Ante la que me iba a caer encima, decidí permanecer inmóvil y hacerme el dormido. Entreabriendo mínimamente uno de los párpados, pude ver a Mª Paz –ese es su nombre– encender la luz del salón y descubrir que era yo quien yacía medio muerto en el sofá. Sin decirme nada, apagó la luz y volvió a su habitación. «¡Lo conseguí!» –pensé con ingenuidad infantil–: «¡No me ha visto!».

Así se lo conté, orgullosísimo de mi ingenio, a mis amigos cuando regresaron a la casa y me acompañaron, esta vez sí, a una de las habitaciones: que había bajado su madre, pero que yo me había hecho el dormido y que, entonces, no me había visto.

Todavía nos partimos de risa cuando lo recordamos…

Y es verdad que para no sentir vergüenza muchas veces es mejor no abrir los ojos. Esconder la cabeza como hace el avestruz. Claro está que, en el fondo, no sirve de nada, no evita que lo que esté sucediendo ocurra igualmente ni que los demás dejen de percibirlo; pero el simple hecho de apartar la mirada, de no verlo con nuestros propios ojos, aun conociendo la evidencia de lo que sea, no deja de tranquilizarnos y, muy a menudo, de actuar como fiel aliado a la hora de combatir nuestro claro sentimiento de culpabilidad.

Estoy convencido de que cualquiera de los jóvenes que están haciendo botellón o que acuden a fiestas como lo hacían antes de la invasión del COVID-19 conocen lo inadecuado de su conducta y, yendo más allá, también los riesgos que comporta: saben que pueden infectarse y que pueden infectar luego a más personas. A partir de ahí, juegan con la probabilidad, muy baja ciertamente, de que ello ocurra y con la más baja todavía de que las consecuencias, de haberlas, lleguen a ser trágicas o de una alta gravedad. Que asumen el riesgo, vaya. Les compensa la satisfacción del momento (beneficio) frente al eventual e improbable daño que puedan llegar a sufrir.

Del mismo modo, pese a ser conscientes de los graves perjuicios económicos que el confinamiento trae consigo (cierre de comercios y empresas, pérdida de puestos de trabajo, etc.), mientras ello no les afecte directa e inmediatamente, la cosa no les parece tan preocupante. No reparan –o no quieren hacerlo– en que estas consecuencias no traen causa directa del virus, sino del confinamiento en sí.

Me pregunto cómo reaccionaría uno de estos jóvenes que se salta las normas a la torera, asumiendo voluntariamente el (bajo) riesgo de contraer la enfermedad, en un cara a cara frente a una persona que ha quedado arruinada por haberse visto obligada a cerrar definitivamente su comercio, negocio o empresa a causa de un nuevo confinamiento ordenado en la ciudad o en el pueblo en el que tuvieron lugar los botellones o las fiestas a los que acudía el joven. Solos. Sin testigos. Mirándose a los ojos.

Imagino que el joven se exculparía diciéndole que él no podía evitar una fiesta, reunión o botellón al que iba «todo el mundo»; que se hubiesen celebrado igual, incluso sin él.
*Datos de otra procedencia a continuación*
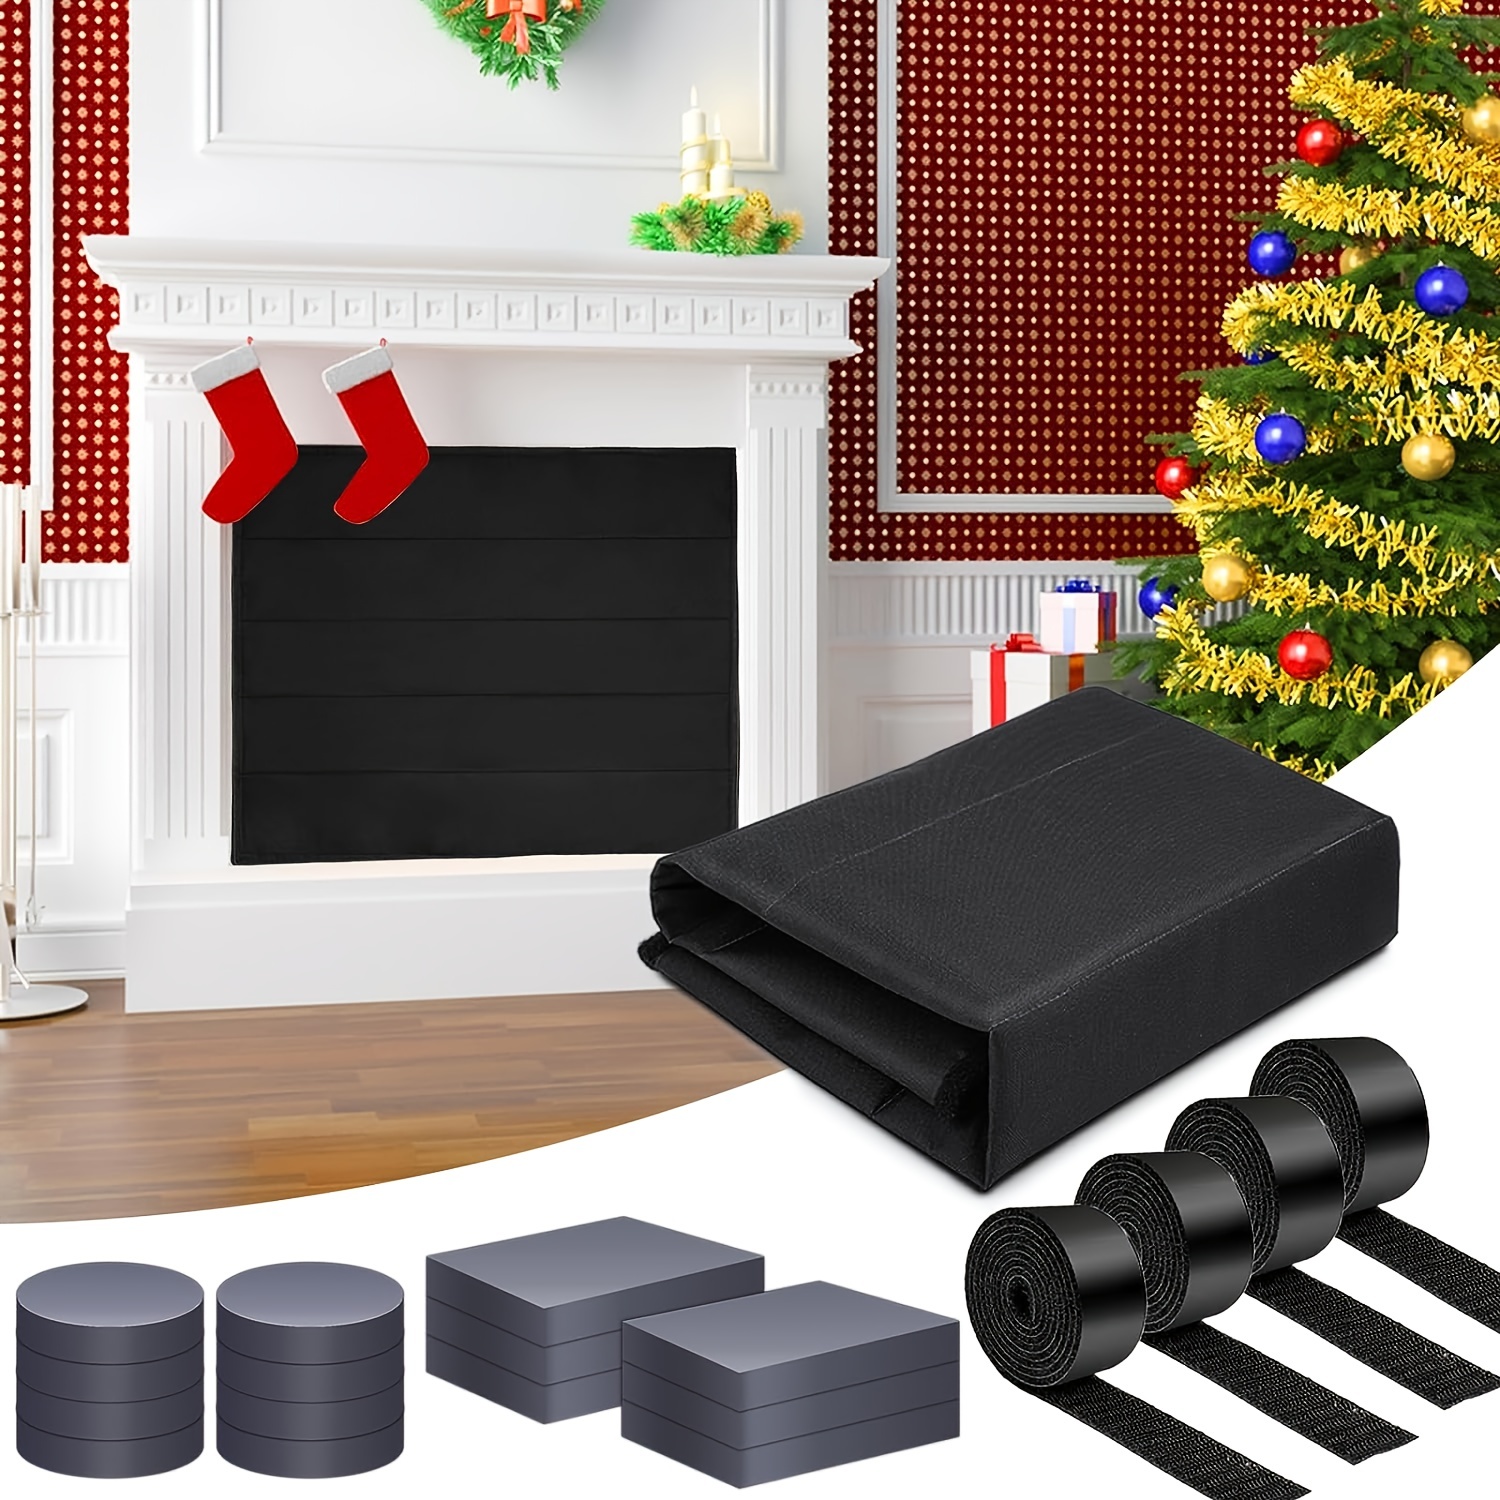 Magnetic Fireplace Cover for inside Fireplace Stops Heat Loss

Pero también pienso que, en ese cara a cara, y en su fuero interno, sí albergaría un cierto sentimiento de culpabilidad, aunque fuera pequeño, al ver el enorme daño sufrido por esa otra persona y su familia. Una sensación de haber sido copartícipe de algo que se ha hecho mal y, además, a sabiendas de ello. Imagino que al joven la situación le resultaría incómoda y que, si pudiera, le gustaría desaparecer de ahí, desvanecerse; que habría agradecido poder emularme en mi anécdota con la buena de Mª Paz, cerrando los ojos para creer que así, al no ver él, se volvía invisible para la otra persona. Imagino que le hubiese gustado ser avestruz por un momento, para esconder la cabeza y evitar la vergüenza.
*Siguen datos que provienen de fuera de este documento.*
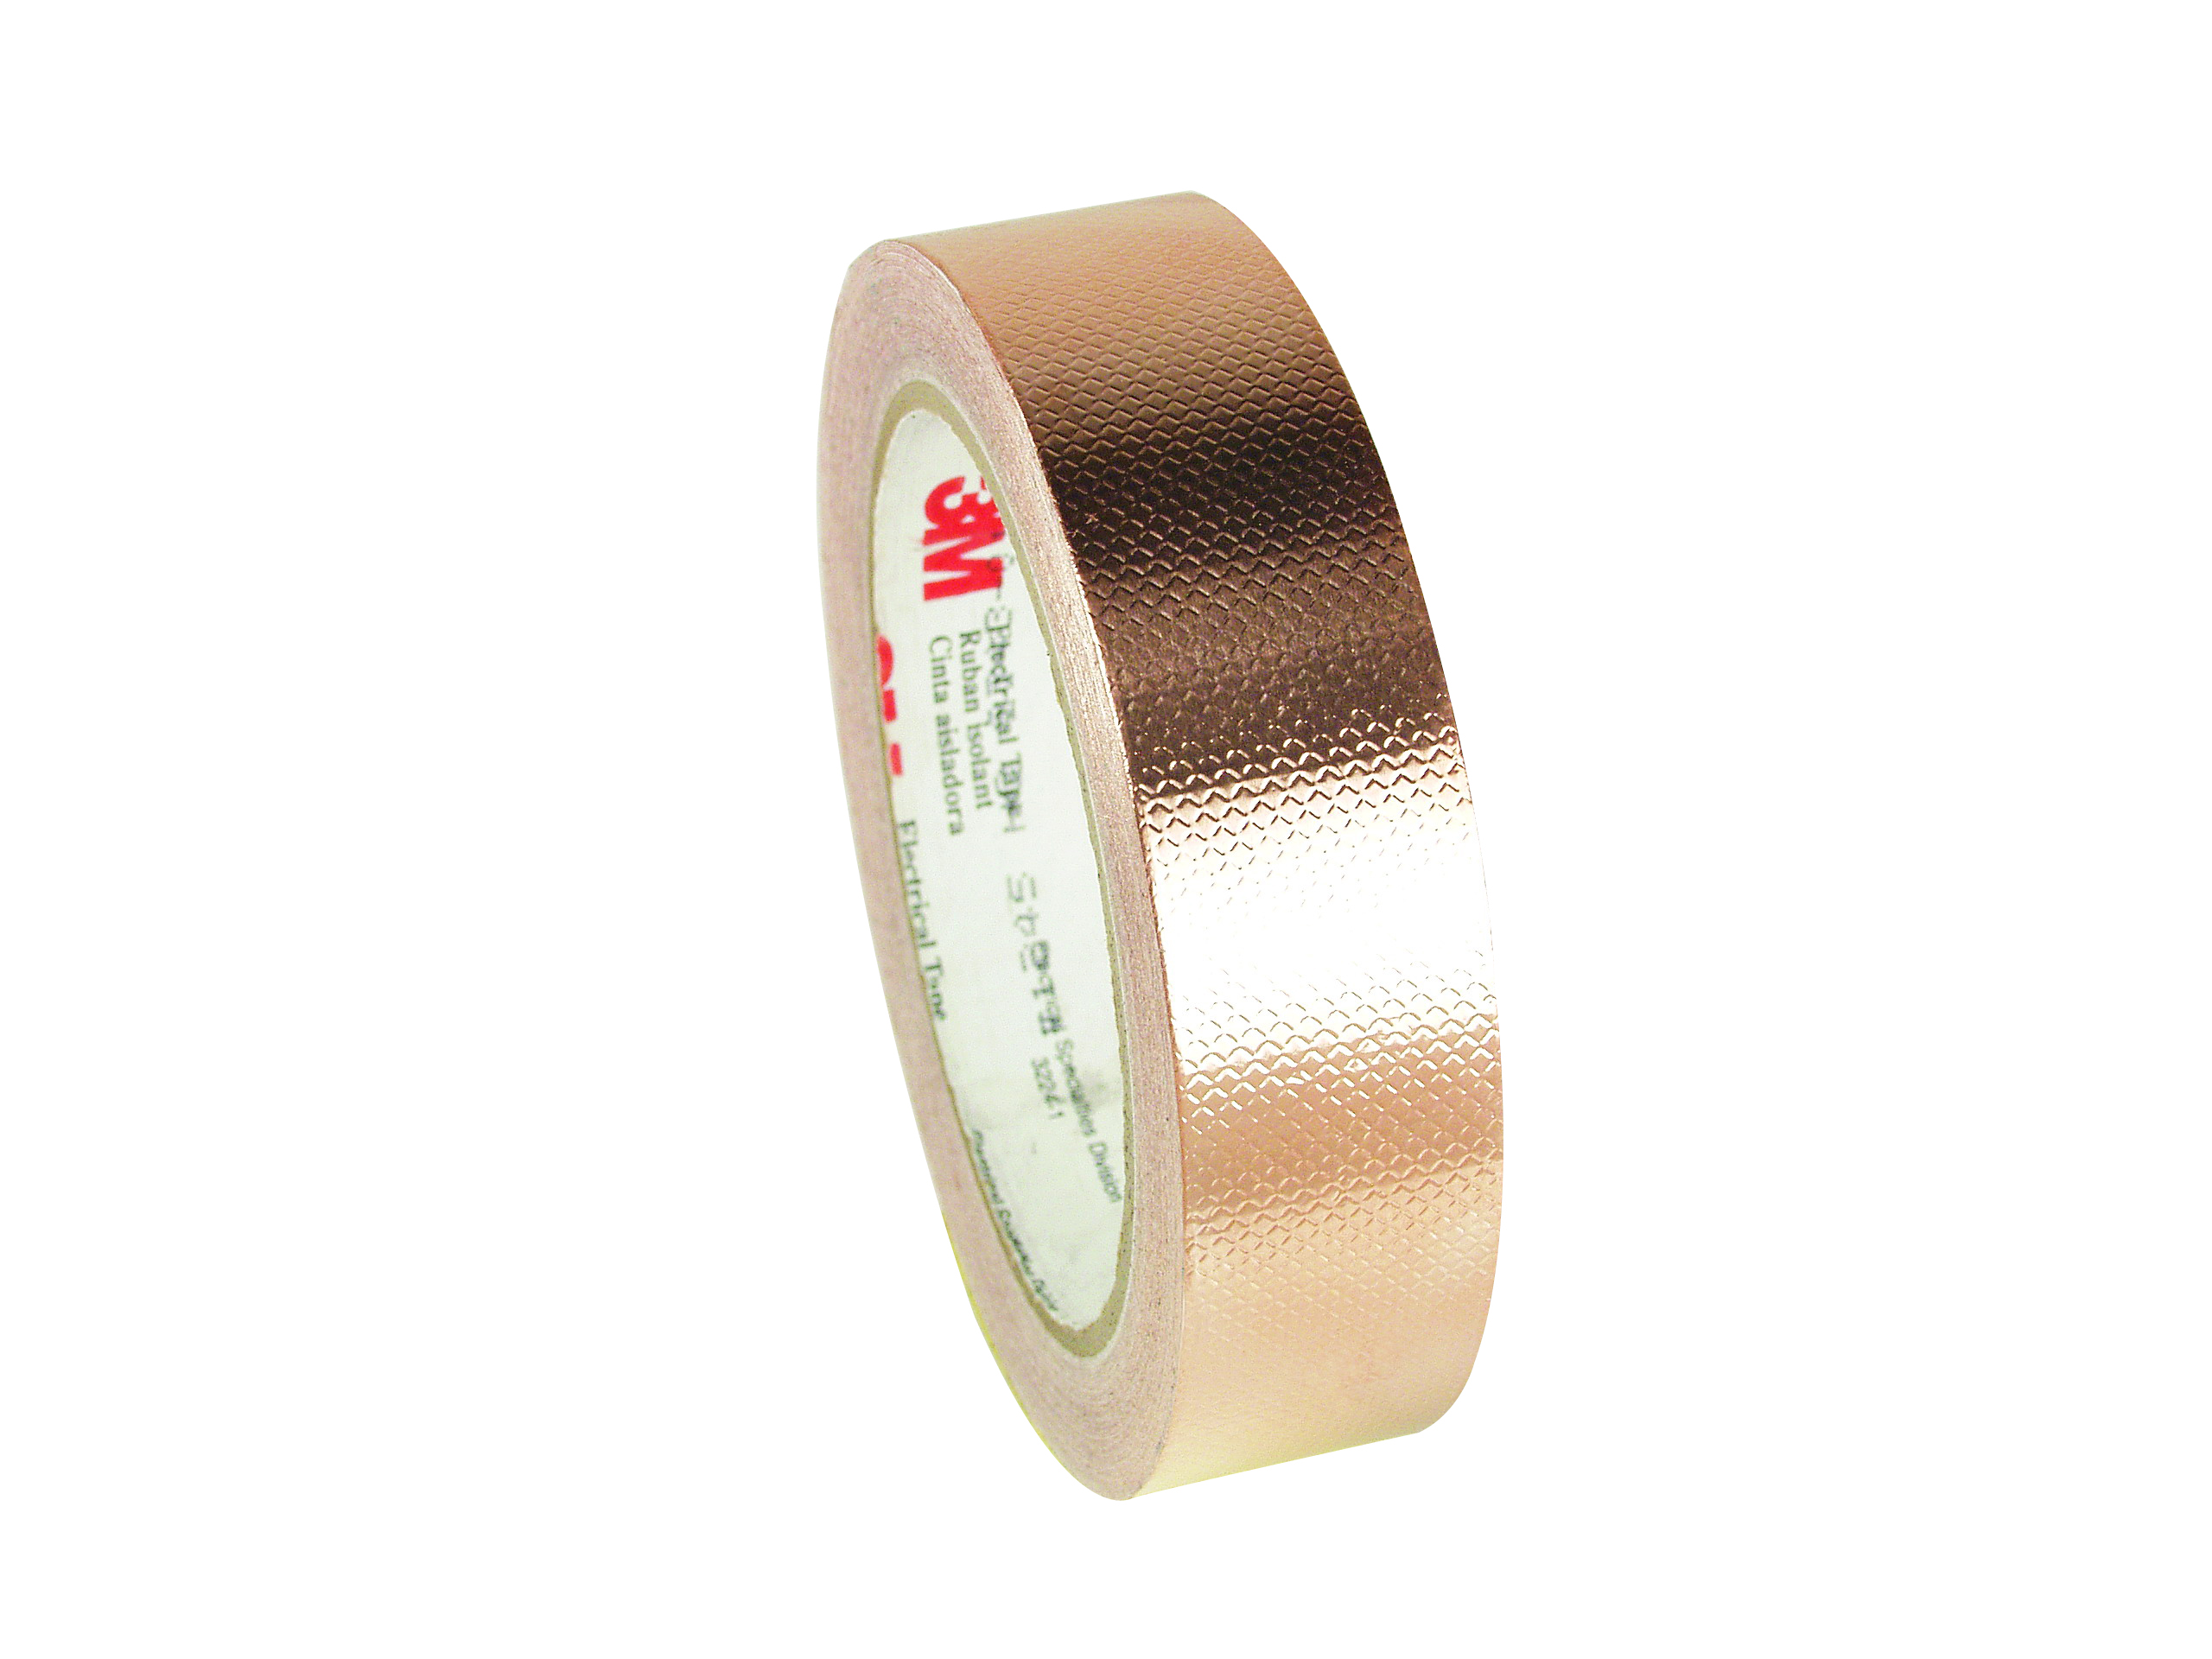 00051128609378 3M™ Embossed Copper Foil EMI Shielding Tape 1245, 23 in x  36 yd, in Paper Core, Roll/Case Aircraft products na 9342995

Y como generalizar es siempre injusto pues hace pagar a justos por pecadores, lo dicho de los jóvenes es asimismo aplicable a cualquier persona que, sin necesidad de acudir a una fiesta o a un botellón, pero igualmente de forma egoísta y para obtener un beneficio instantáneo, no repare en el daño que su consciente conducta inapropiada puede provocar a otras familias.

Eso sí, ninguno nos consideraremos culpables de lo que a otros les ocurra porque, en definitiva, no habremos sido los causantes directos del daño. Sólo habremos sido los indirectos.

 

2 comentarios para "LA VERGÜENZA DEL AVESTRUZ"

  1. Pecho, el Lobo - 8 julio, 2020 (10:48 pm)

    Mu bienn Sebastiannn
    Ojalá te hagan caso.

    1. Sebas Lorente - 9 julio, 2020 (8:50 am)

      Bueno, al menos que recapacite alguien. Gracias por comentar. Un abrazo.